Having posted a series of 360-degree videos on its YouTube channel since early last year, the Ministry of Transportation and Communications took the concept a few steps further with Taiwan Traveler, a dedicated Web site featuring dozens of lengthy 360-degree videos, with integrated maps, of popular tourism destinations.
The ministry considers its NT$90 million (US$3.22 million) collaboration with Taiwan AI Labs to be a “new model for tourism,” but not everyone sees it the same way.
Taiwan People’s Party Legislator Ann Kao (高虹安) on July 25 blasted the project as a “waste of people’s hard-earned money,” especially egregious as it was built using funds from the COVID-19 relief budget intended to help battling physical industries.
Unfortunately, funneling money into inconsequential high-tech projects seems to be a favorite pastime of many government agencies.
In pursuit of buzzword goals such as “digital transformation” or “virtual-physical integration,” officials believe it is their duty to create projects using the latest technologies. They seem to prioritize the hottest tech for its own sake, with little thought for basic questions such as for whom or what purpose the project is intended.
To further this point, Kao criticized another of the ministry’s failed projects: a traffic integration app called Umaji (遊買集) that was launched in 2018. About NT$150 million and 23,000 downloads later, the ministry in May last year removed Umaji from app stores and government Web sites, promising that after revisions it would be “even better than Google Maps.” The app is still down.
Of course, the transportation ministry is not the only one entranced by trendy tech. The Taipei City Government seems particularly enthralled with apps, as an investigation by Taipei City Councilor Yang Ching-yu (楊靜宇) showed in May.
Over the past few years, the city has created a shocking 71 apps for a total of more than NT$22 million, 54 of which have been taken down. One app, created by the Taipei Department of Information and Tourism to promote riverside attractions in Tamsui District (淡水), was taken down after only 66 days, costing the city NT$990,000.
That is not to mention the redundant TaipeiPASS (台北通) app that Taipei Mayor Ko Wen-je (柯文哲) has been desperately promoting as an alternative to existing federal systems for real-name and vaccine registration.
What many officials fail to realize is that the real work of “digitization” is rarely as flashy as a 360-degree video site or a perfectly tailored app. Often what people really need are better versions of existing technologies and integration across systems.
For example, instead of defaulting to an app, the Taipei City Government should first discern where people already go for the same information and work to improve it. In many cases, this would mean redesigning clunky Web sites or working within existing platforms, such as promoting Tamsui attractions through news media or even just on Facebook.

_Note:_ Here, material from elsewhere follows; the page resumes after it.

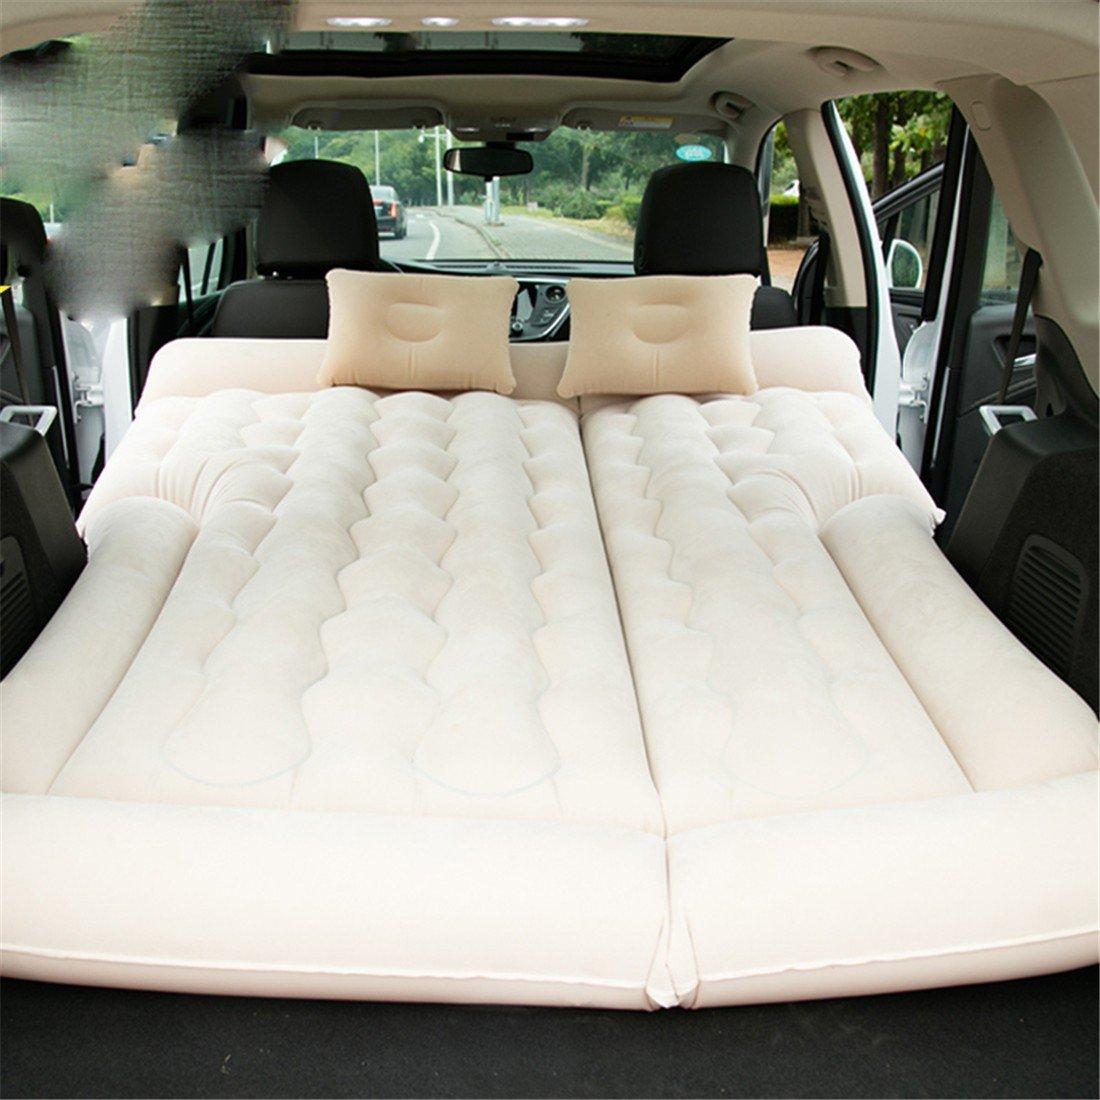 STAZSX Auto-Bett-Auto-Matratze Universal Auto aufblasbares Bett, SUV Beige-135x78CM

Amid the many changes forced by the COVID-19 pandemic, new buzzwords are being bandied about. Officials are struck by a renewed urgency to adapt to the “new normal” of pervasive digitization, yet little consideration seems to be going into what this would mean after the pandemic, despite claims to the contrary.
For instance, the transportation ministry said it is “preparing for a new model of tourism after the pandemic” as people’s habits shift online, yet what exactly does it envision this new paradigm to be? If anything, people would be itching to go traveling in person, and when that happens, an obscure Web site full of videos — however cool they might be — will not help domestic tourism.